In the UK we have low unemployment, low interest rates in historic terms and some people are spending excess savings. So we still expect reasonably good economic growth rates and believe this could feed through to markets. We think equity returns in 2022 will be good, but not as good as in 2021, when global equities (as captured by total returns from the MSCI AC World ex UK index) returned 20.1%; and UK equities (as measured by total returns from the MSCI UK IMI index) returned 18.1% (2). Consequently, we still have high investment weightings to equities, but not as high as previously.
Emerging market opportunities
China and other emerging markets have been performing less strongly than developed stock markets. We see this as an opportunity and are investing in some new emerging market holdings. We have also increased our allocation to value companies.
Regarding fixed interest investments, the prospect of rises in interest rates generally has a negative impact on bonds. This is because the interest payments on bonds will then typically need to rise to attract potential new investors, which would lead to a decline in bond prices. So we still have low investment weightings to bonds, although not as low as previously.
We expect values of commodities, such as oil and gas, to fluctuate markedly in 2022. A Russian incursion into Ukraine could lead to greater fluctuations and a rising oil price. Even so, we have high investment weightings to commodities as they can provide some protection against inflation.
Market declines can, understandably, raise concerns among investors. But they aren’t necessarily a bad thing, as they can open up new investment opportunities, particularly as portfolio allocations can be adapted to changing conditions. Indeed we are currently positioning our portfolios to cope with more turbulent markets.
Benefits of holding diverse assets
We consider that owning a diverse range of holdings within individual classes of assets, such as equities, is key to providing some investment protection in changeable market conditions.

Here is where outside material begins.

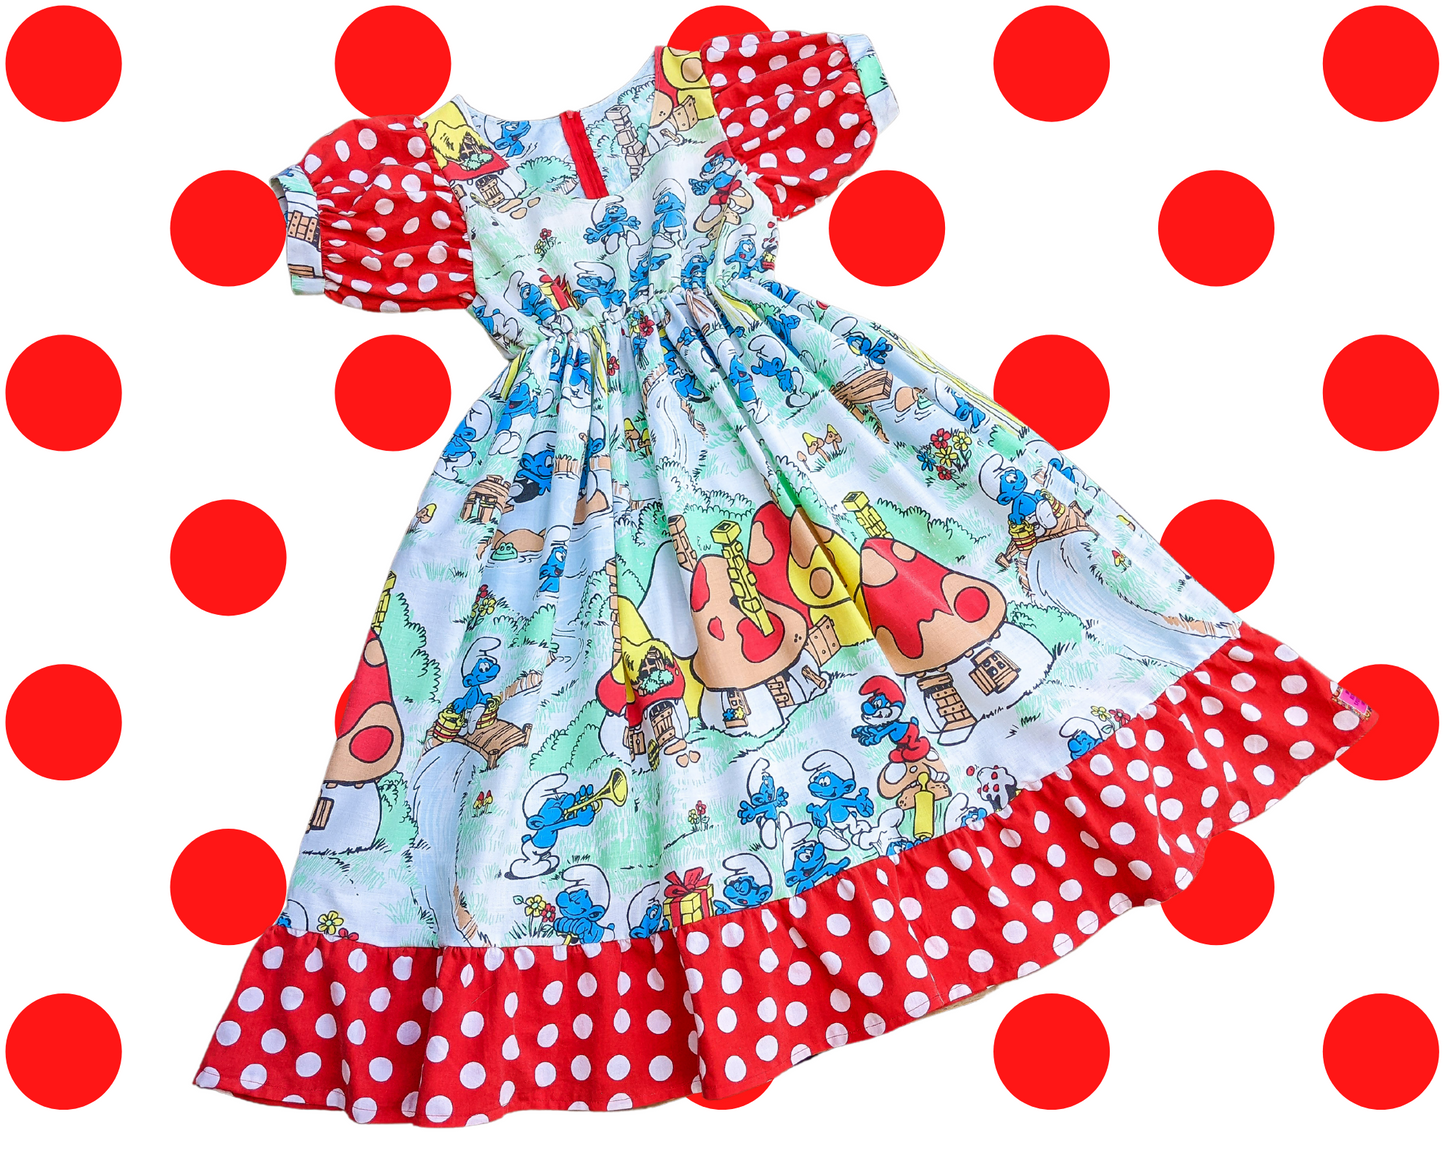 Handmade, Upcycled The Smurfs Bedsheet Dress with Red and White Polka Dot Fabric, Short Puffy Sleeves Size S/M

And we also believe in the importance of holding a diverse range of investments across different classes of assets, such as equities, bonds and commodities. This is because, while we can have a view on which asset classes could perform well in 2022, we don’t know this with certainty. So there are potential investment benefits in spreading our investments across all asset classes where this is appropriate.
In our view, there are three drivers of stock market performance: sentiment, fundamentals, and valuations. We try to look beyond sentiment and consider fundamentals and valuations. Fundamentals refer to such things as economic growth and the ability of a company to increase profits. Meanwhile, valuations concern such things as how one company or market compares with another. We believe market sentiment is driven by short-term investor emotions. The key for us is not to be driven by these emotions and to always try to manage the diverse holdings in our investment portfolios in a controlled way.
(1) Refinitiv, Schroders Economics Group. 31 December 2021 (2) FactSet, 31 December 2020 to 31 December 2021.
Past performance is not a reliable indicator of future results. The value of investments and the income from them can fall as well as rise and are not guaranteed.
Any views expressed are our in-house views as at the time of publishing.